Records from a dataset:
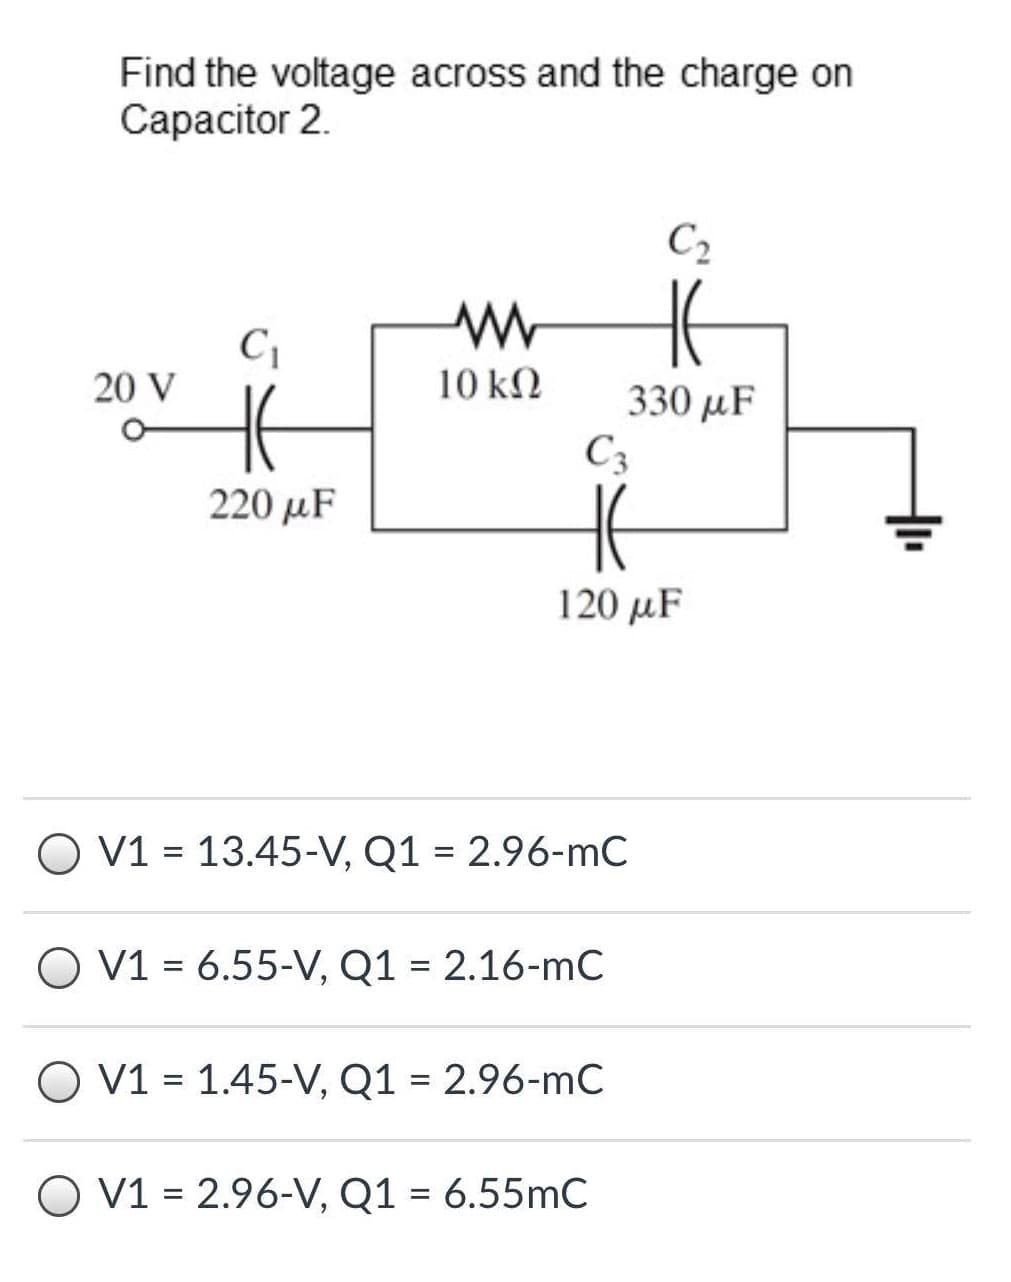 Find the voltage across and the charge on
Сарacitor 2.
C2
20 V
10 k.
330 µF
C3
220 µF
120 μF
O V1 = 13.45-V, Q1 = 2.96-mC
O V1 = 6.55-V, Q1 = 2.16-mC
O V1 = 1.45-V, Q1 = 2.96-mC
O V1 = 2.96-V, Q1 = 6.55mC
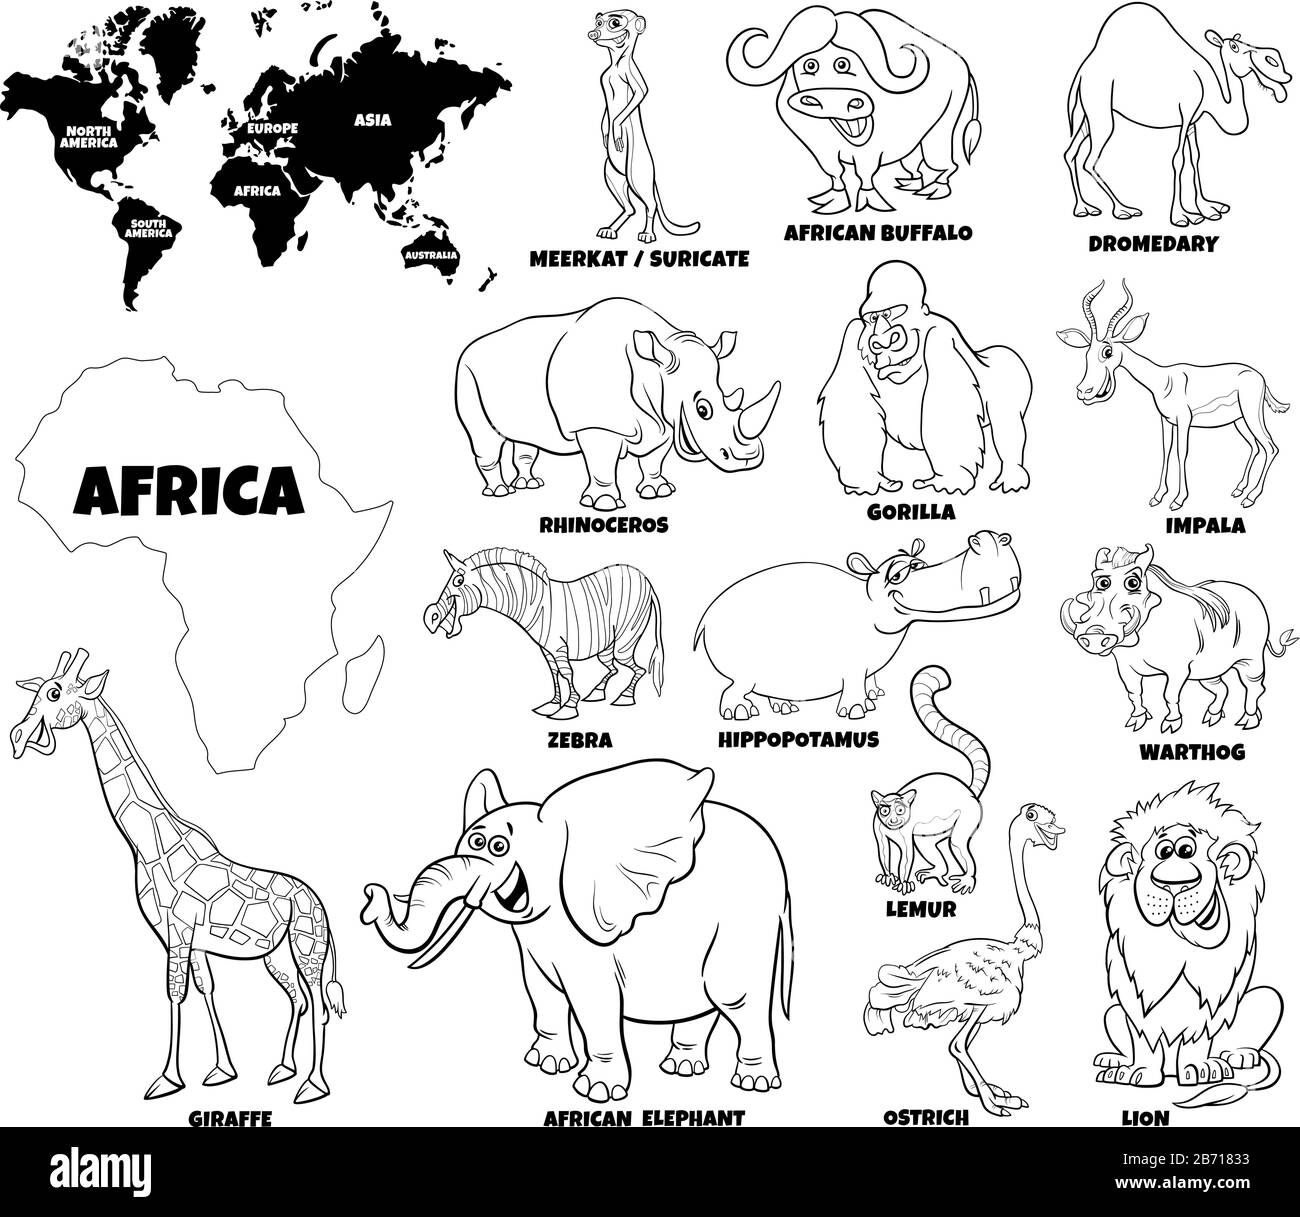 Black And White Educational Cartoon Illustration Of African Animals Set And World Map With Continents Shapes Coloring Book Page Illustration de Vecteur

WHAT THE TASK ASKS:
All of the data should be returned word for word, with each picture left out.

SOLUTION TO THIS PROBLEM:
 Find the voltage across and the charge on
Сарacitor 2.
C2
20 V
10 k.
330 µF
C3
220 µF
120 μF
O V1 = 13.45-V, Q1 = 2.96-mC
O V1 = 6.55-V, Q1 = 2.16-mC
O V1 = 1.45-V, Q1 = 2.96-mC
O V1 = 2.96-V, Q1 = 6.55mC
 Black And White Educational Cartoon Illustration Of African Animals Set And World Map With Continents Shapes Coloring Book Page Illustration de Vecteur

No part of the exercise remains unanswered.